How to view topics in LDA topic model in Gensim

In this recipe, we will first create an LDA model using the gensim library in python and then learn the steps to view the topics in the model.

Recipe Objective: How to view topics in the LDA topic model in Gensim?

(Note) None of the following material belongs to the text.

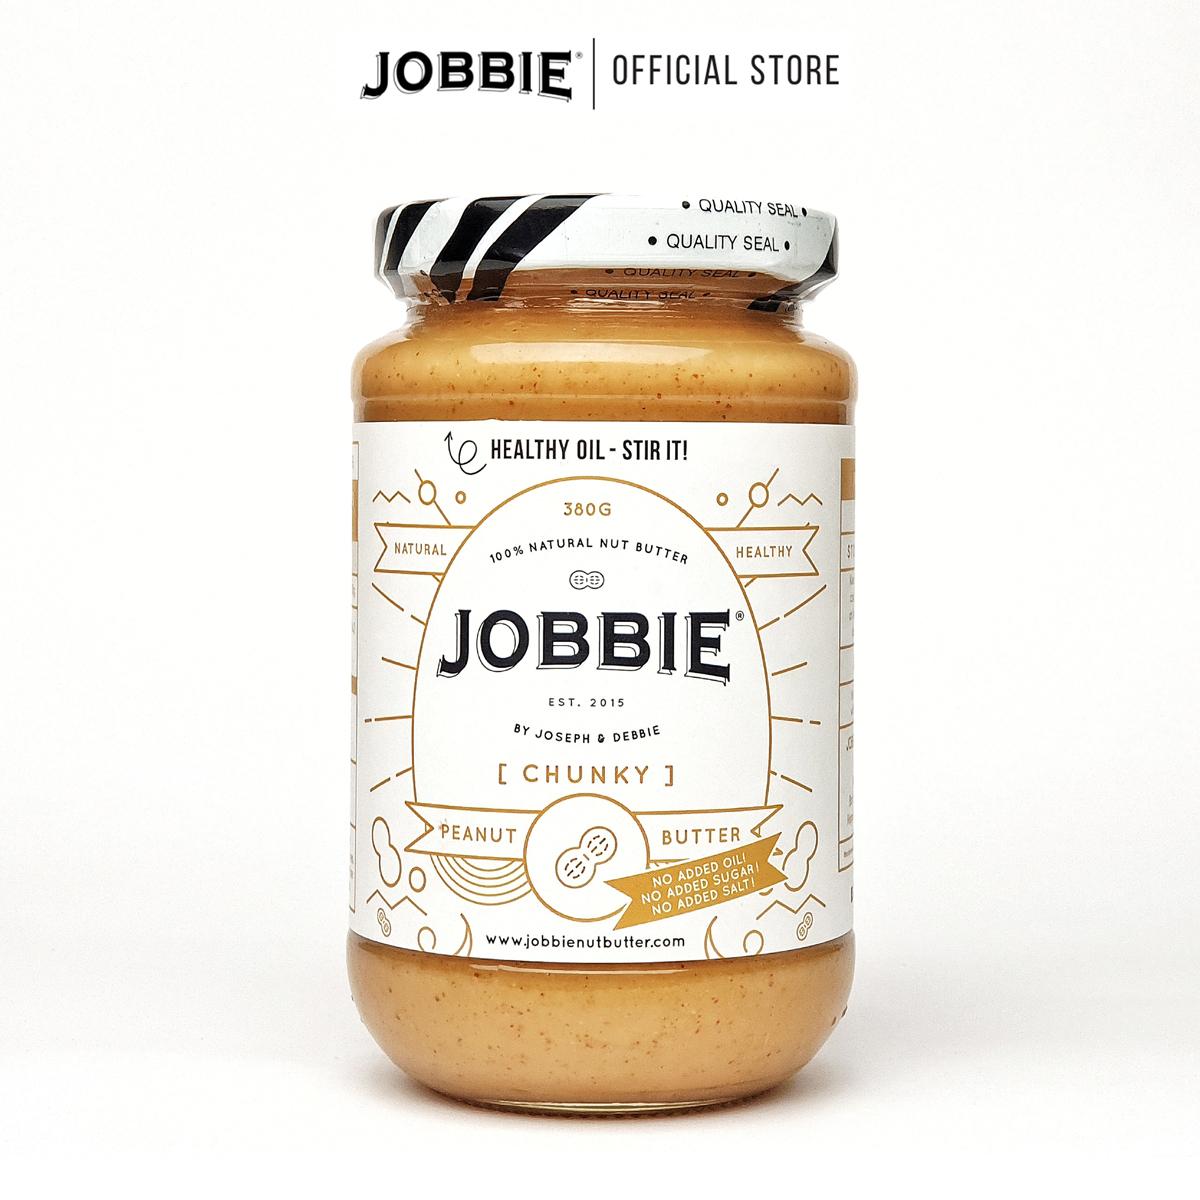 JOBBIE Peanut Butter - Chunky Pure (380g) - NO Sugar & Salt

First, create or load an LDA model as we did in the previous recipe by following the steps given below-

#importing required libraries
import re
import numpy as np
import pandas as pd
from pprint import pprint
import gensim
import gensim.corpora as corpora
from gensim.utils import simple_preprocess
from nltk.corpus import stopwords
from gensim.models import CoherenceModel
import spacy
import pyLDAvis
import pyLDAvis.gensim_models
import matplotlib.pyplot as plt
import nltk
import spacy
nltk.download('stopwords')
nlp=spacy.load('en_core_web_sm',disable=['parser', 'ner'])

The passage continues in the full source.